Regex Matching Groups
Create matching groups by pairing parenthesis around a part of the regular expression. They allow you to 'pick out' important parts of a large match with sub-expressions. That sounds more complicated than it is. Let's look at a simple example: /(w|c)ould/g.

Notice how there's a special match on the first letter. We have essentially picked out the small part of the string we care about: the first letter of an 'ould' sounding word.
We can use a second group to match 'wood', too, with an or in the middle of the regex: /(w|c)(oul|oo)d/g

What else would this regex match that is not in this string? I'll leave this as an exercise to the reader.
How Many Times? Regex Quantifiers
If we care how many times a regex factor occurs, meaning characters, groups, and classes (up next), we can use a quantifier. Quantifiers come in two formats: ranges between curly braces and the special characters *, +, and ?.
Let's talk about ranges first. Google owns a number of variations on the domain 'google.com' with varying numbers of 'o's. The following domains will all take you to Google: gogle.com, google.com, gooogle.com. We can capture any of these variations using a range quantifier: /go{1,3}gle/g.
It turns out, they also own the domain with 5 o's, but a squatter owns the domain with 4. So, we can put together the three big concepts we've learned so far: choices, groups, and quantifiers, to "match g followed by 1 to 3 o's or 5 o's followed by 'gle'" with this regex: /g(o{1,3}|o{5})gle/g.

Ranges in the form of {N,} that do not have a ceiling translate to "at least N times". We can use quantifiers on groups, too, so we can find all instances of the google domain with an even number of o's like this: /g(oo){1,}gle.com/g

Now we're ready to start talking about the special quantifier characters.

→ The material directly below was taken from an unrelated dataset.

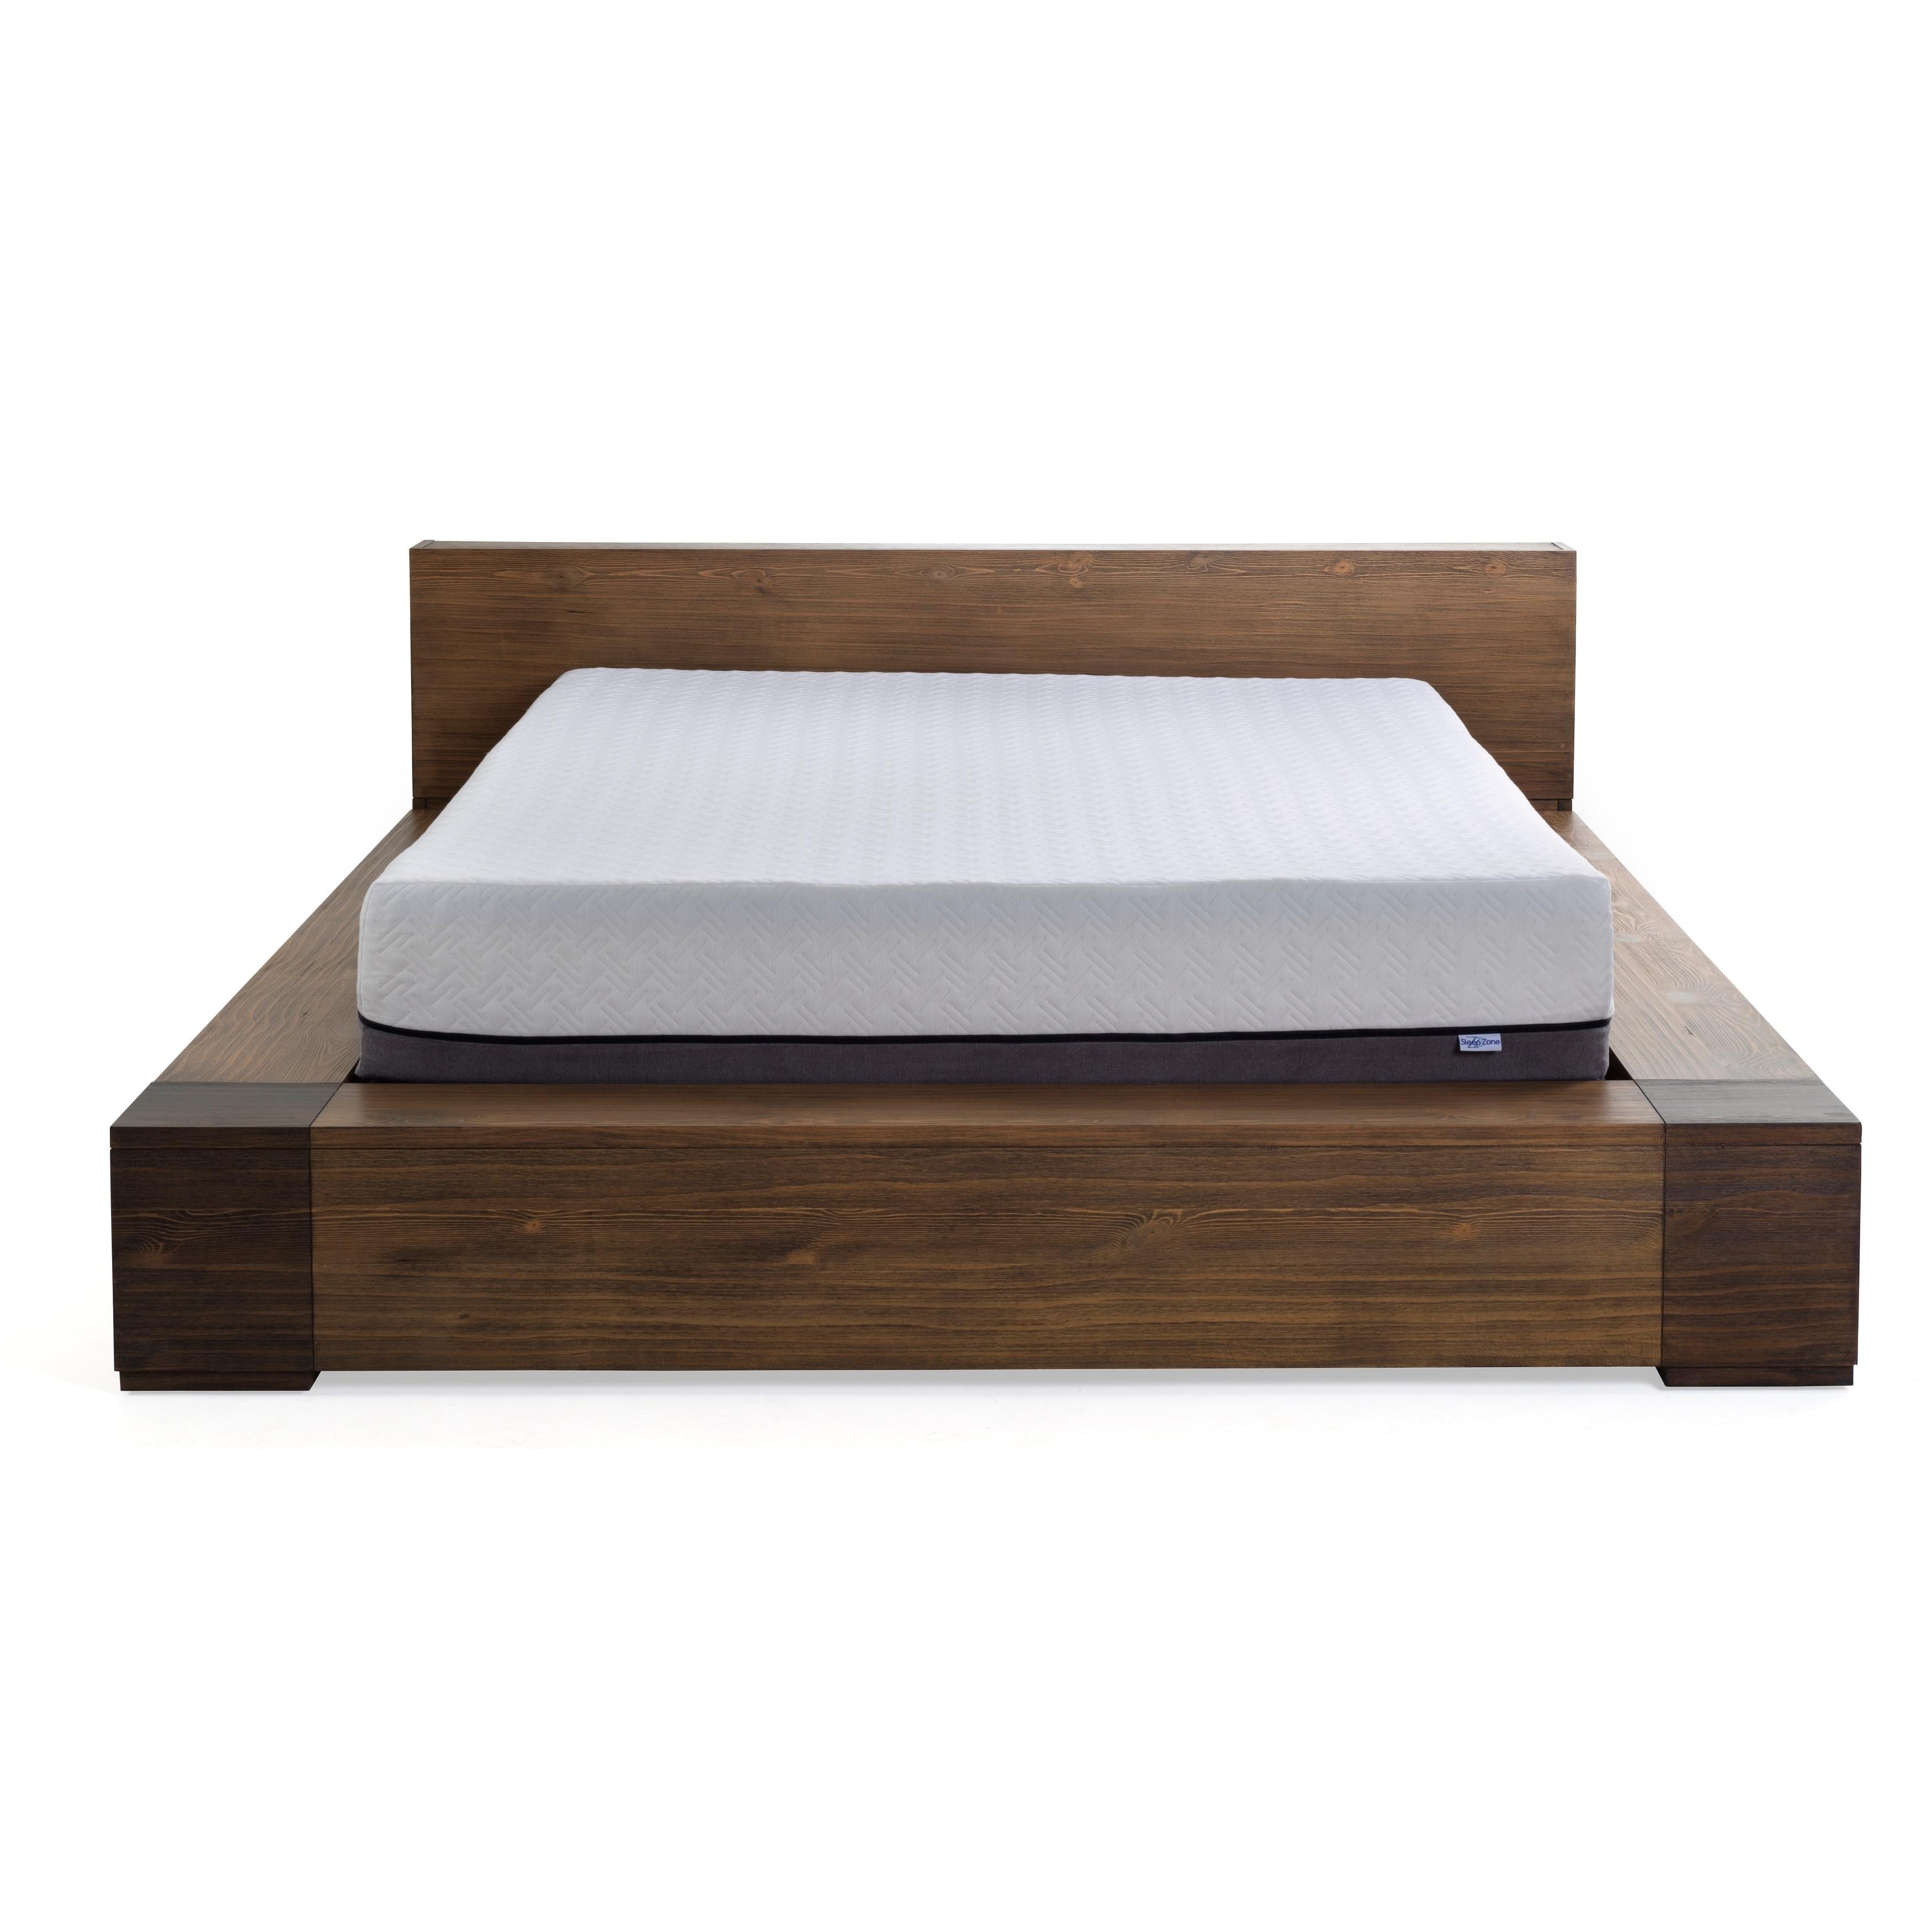 Shop Sleep Zone Huntington 10 Inch Queen Size Memory Foam Mattress

They're simple shortcuts for commonly used ranges:
* is {0,} - 0 or more matches
? is {0,1} - 0 or 1 match
+ is {1,} - 1 or more matches
Thus, the previous example could have also been written as /g(oo)+gle.com/g
Regex Character Classes
We saw how we could match a 'w' or a 'c' using a group and a choice with (w|c). What if we wanted to match all vowels? /(a|e|i|o|u)/g. That's starting to get verbose!
There is a special construct in regular expressions called character classes, they are placed within square brackets []. For example, /[aeiou]/g and /(a|e|i|o|u)/g mean roughly the same thing. Ranges can be used, too, so [A-Z] is all uppercase English letters, [a-z] is all lowercase letters and [A-Za-z] all english letters. Finally, classes can be complemented with the ^ character to say "not any of these characters" so consonants could be described as the opposite of vowels: /[^aeiou]/g. (Note: Complements include all ASCII characters so [^aeiou] includes numbers, punctuation, etc.)
We can match words using a class of all English characters and a 1 or more quantifier, /[A-Za-z]+/g, such as:

Pulling it All Together
As a last example let's put all the concepts we've covered in regular expressions together to pick out tags from an HTML file. HTML tags open like <div id="container"> and close like </h1>
Let's focus on finding opening tags, for now. They start with a less than sign and are followed by a letter, followed 0 or more other letters or numbers. We'll use a capturing group to pick out the important part: /<([A-Za-z][A-Za-z0-9]*)/g

What if we wanted to pick out the attributes of a tag, too? We could match everything except the greater than character, using a complemented character class: ([^>]*)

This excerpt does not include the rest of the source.